WORK REQUIRED:
Reproduce the lines below exactly, from the one containing "New York Rangers Hockey Puck - Black" through the one containing "Basic Brick Set", both included. Leave out any pictures.

SOURCE RECORDS:
* * *
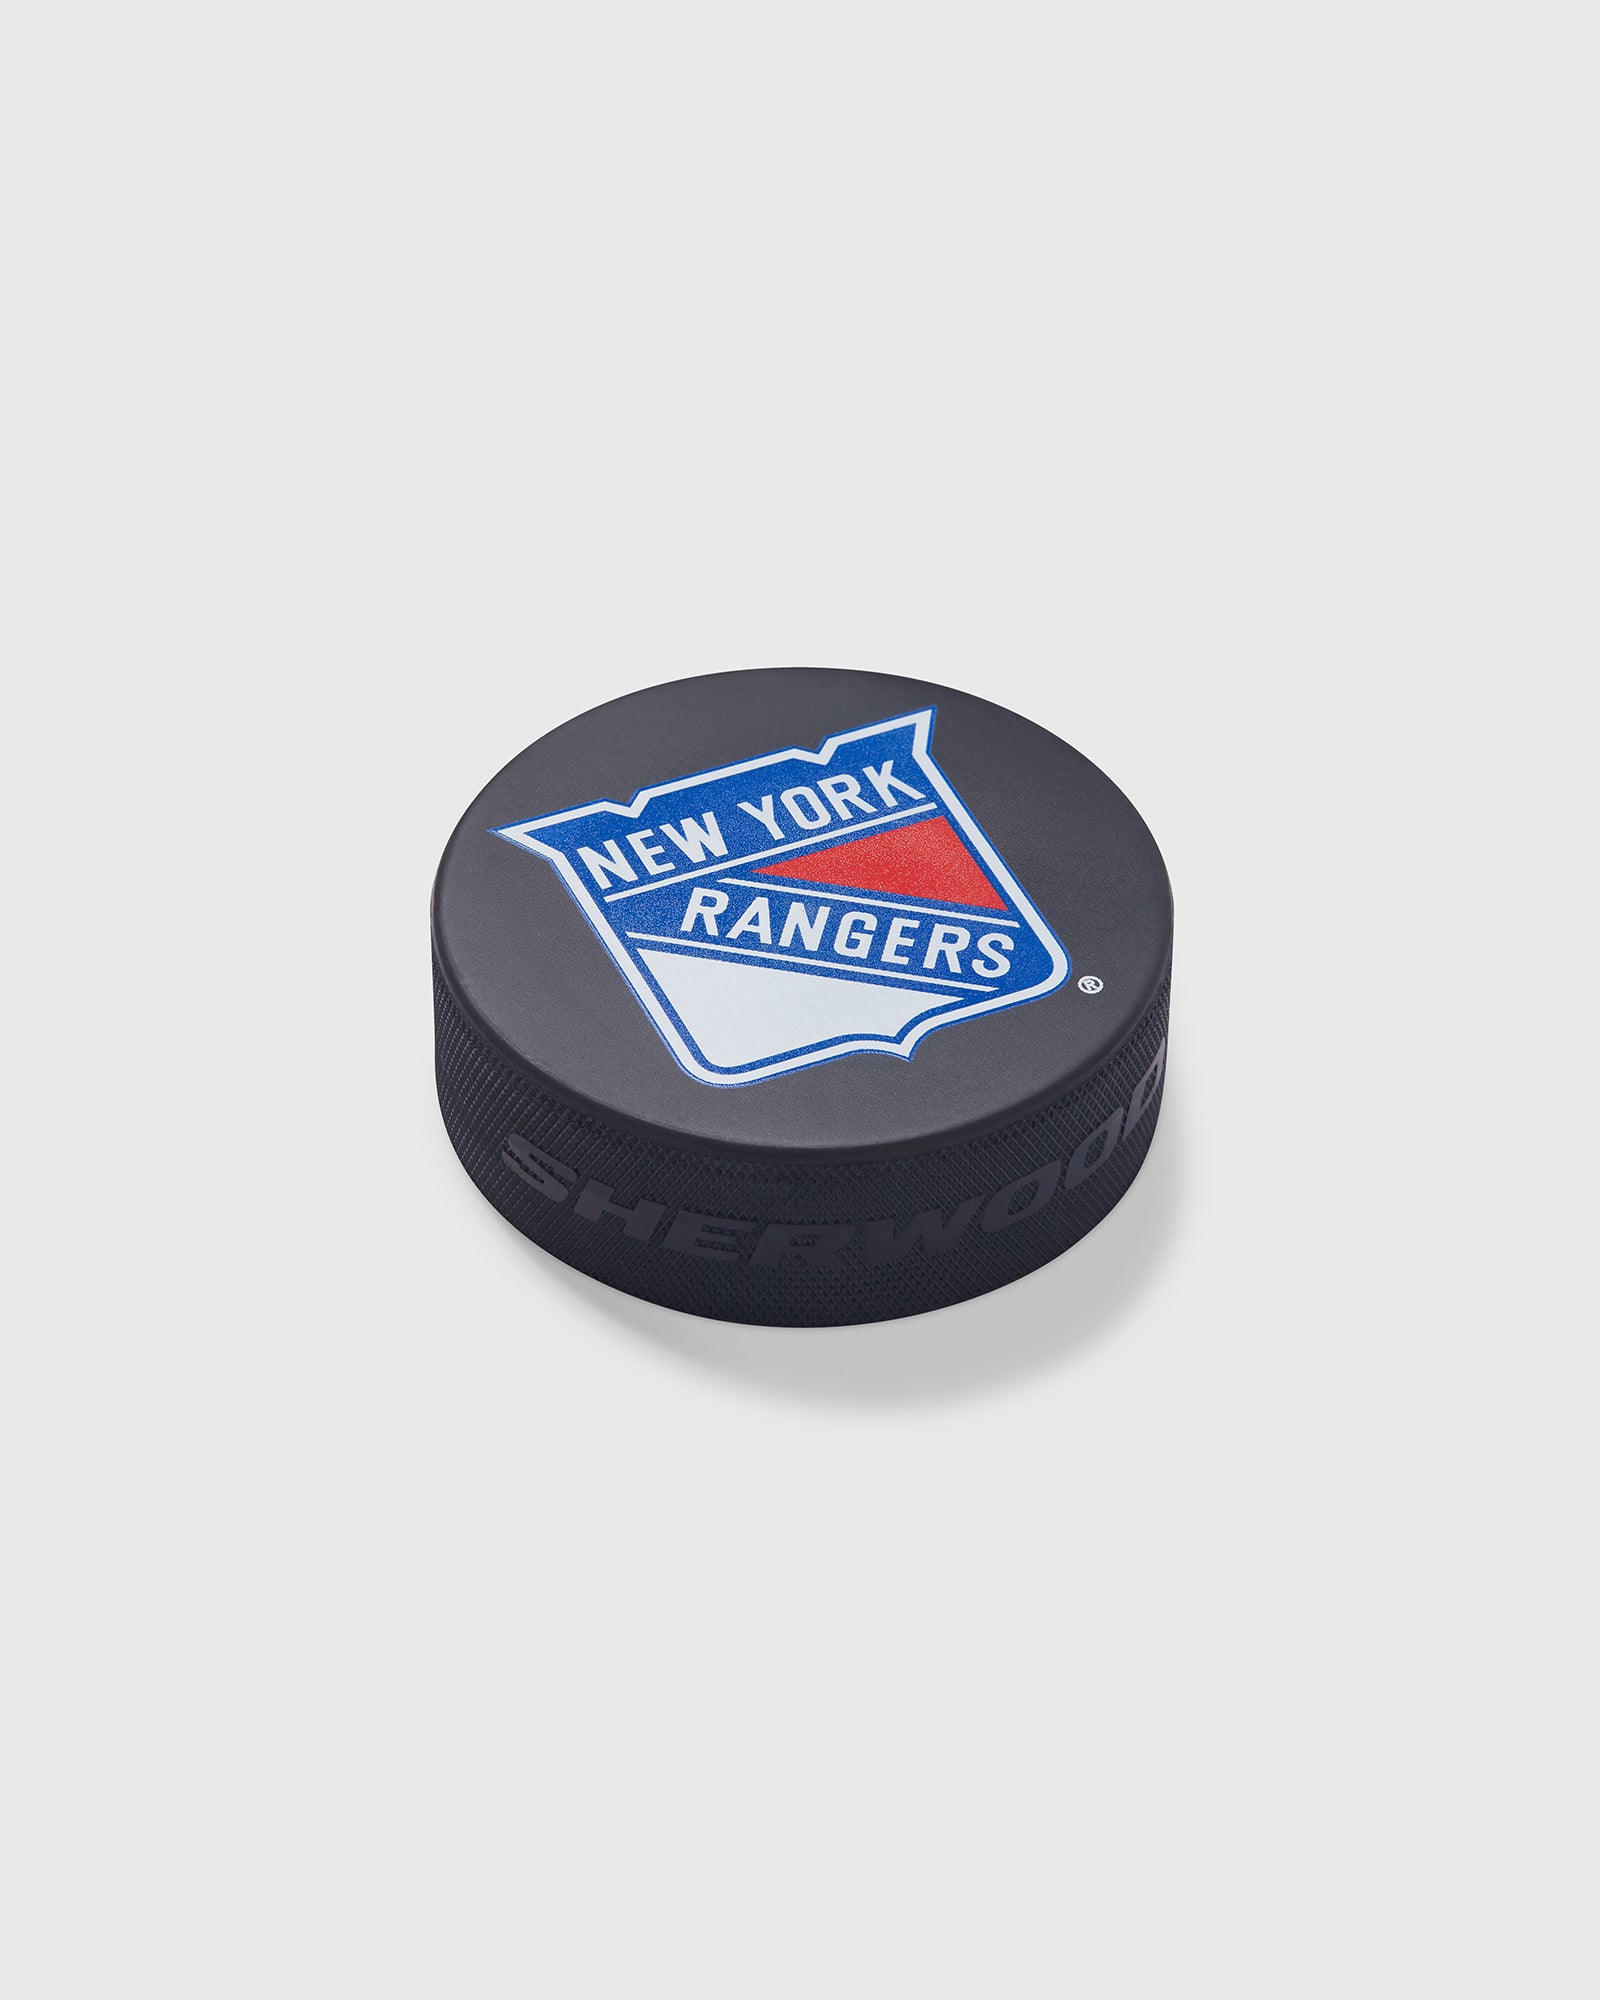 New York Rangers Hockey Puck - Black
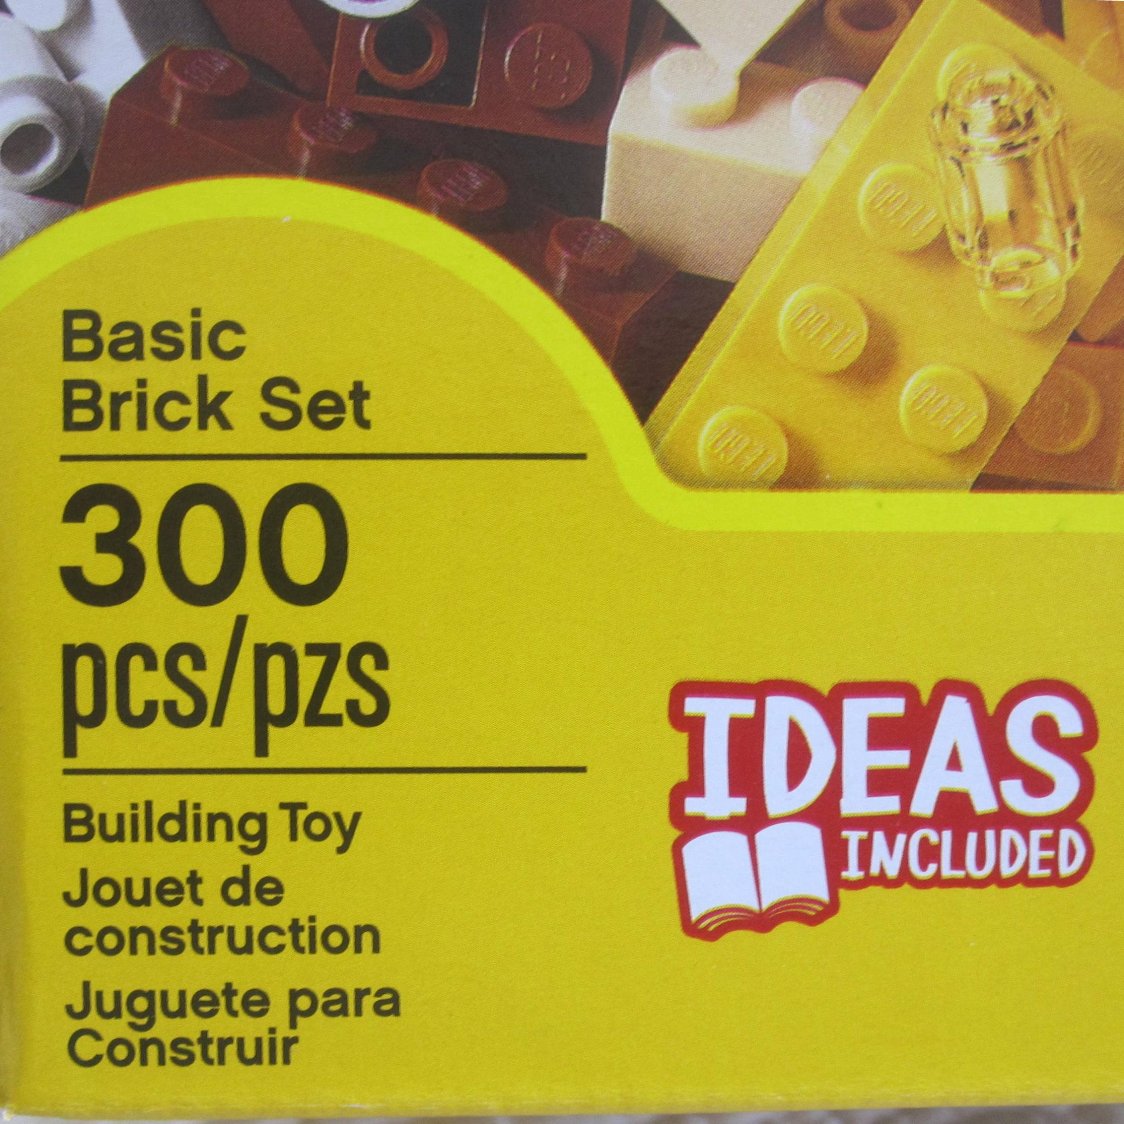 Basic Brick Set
* * *
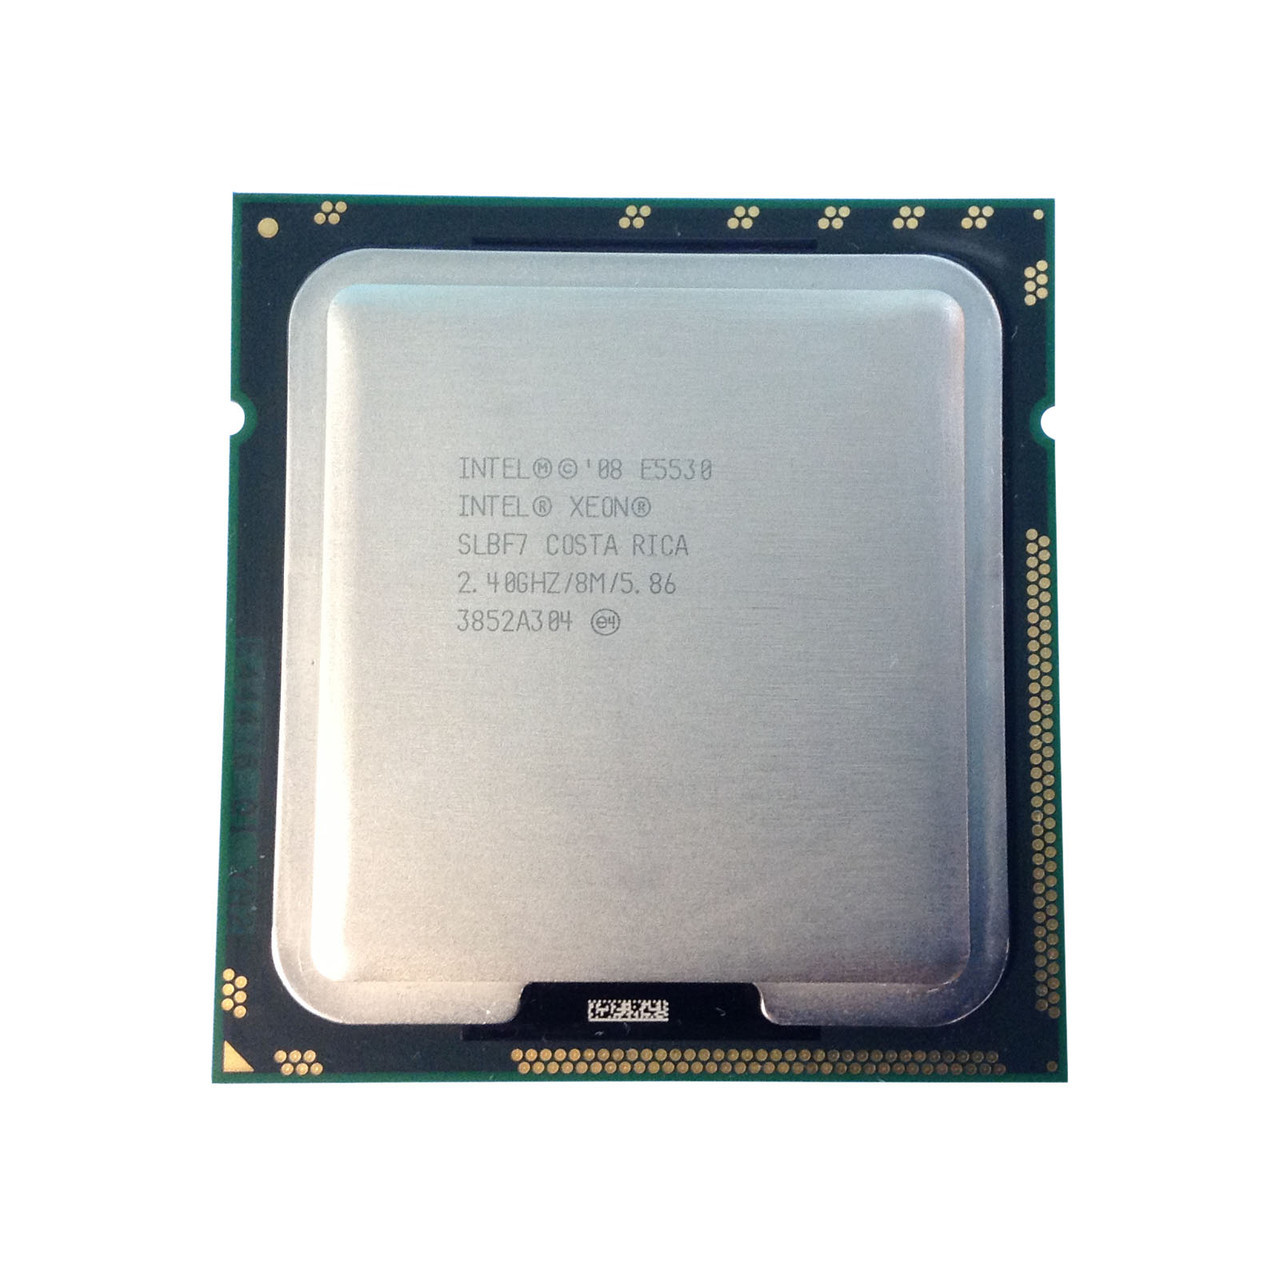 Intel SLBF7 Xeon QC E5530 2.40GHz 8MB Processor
* * *
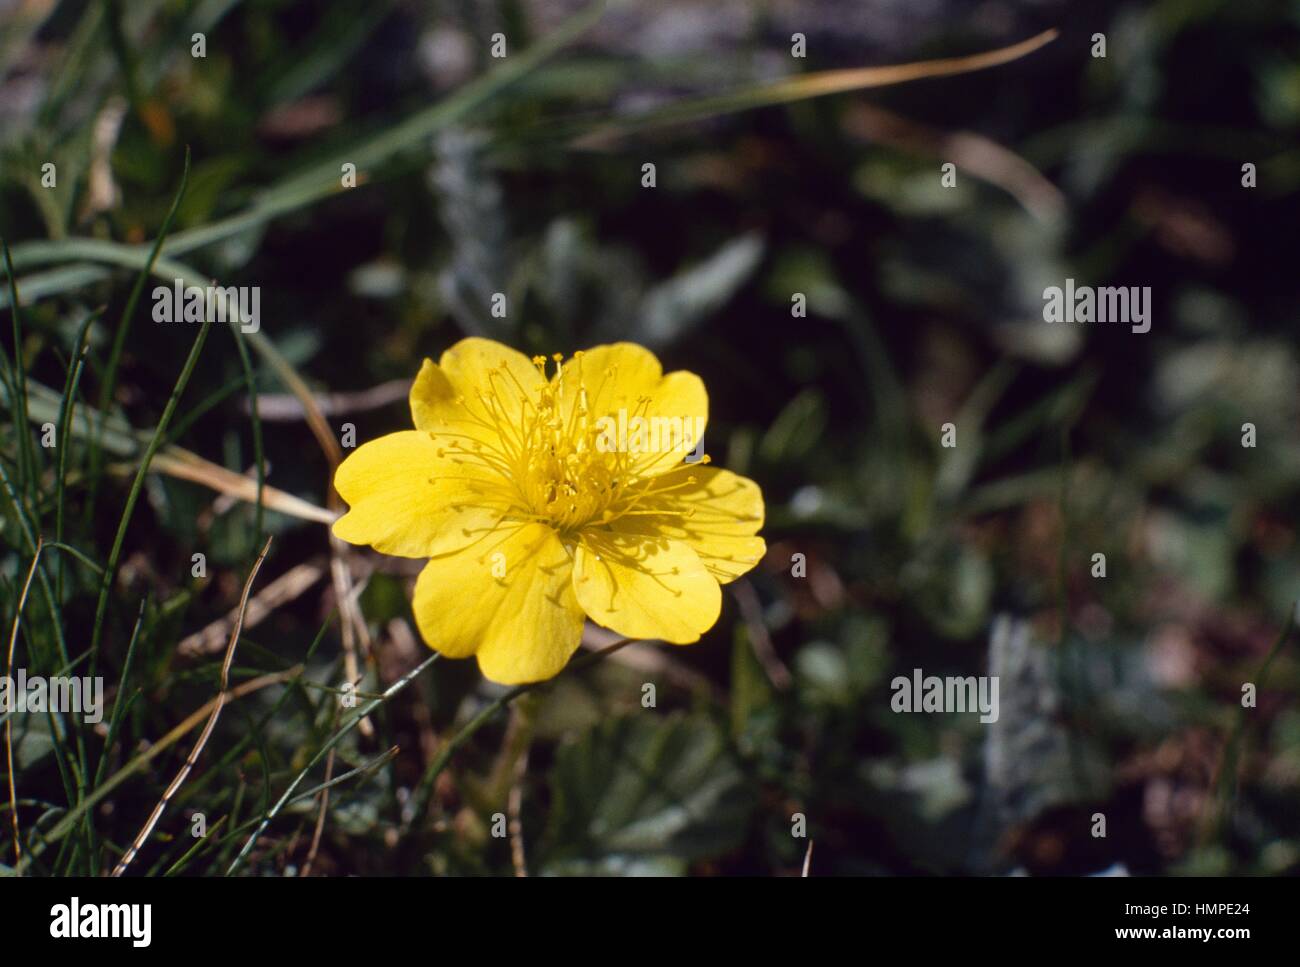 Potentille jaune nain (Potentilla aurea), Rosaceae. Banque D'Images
* * *
OUTPUT:
 New York Rangers Hockey Puck - Black
 Basic Brick Set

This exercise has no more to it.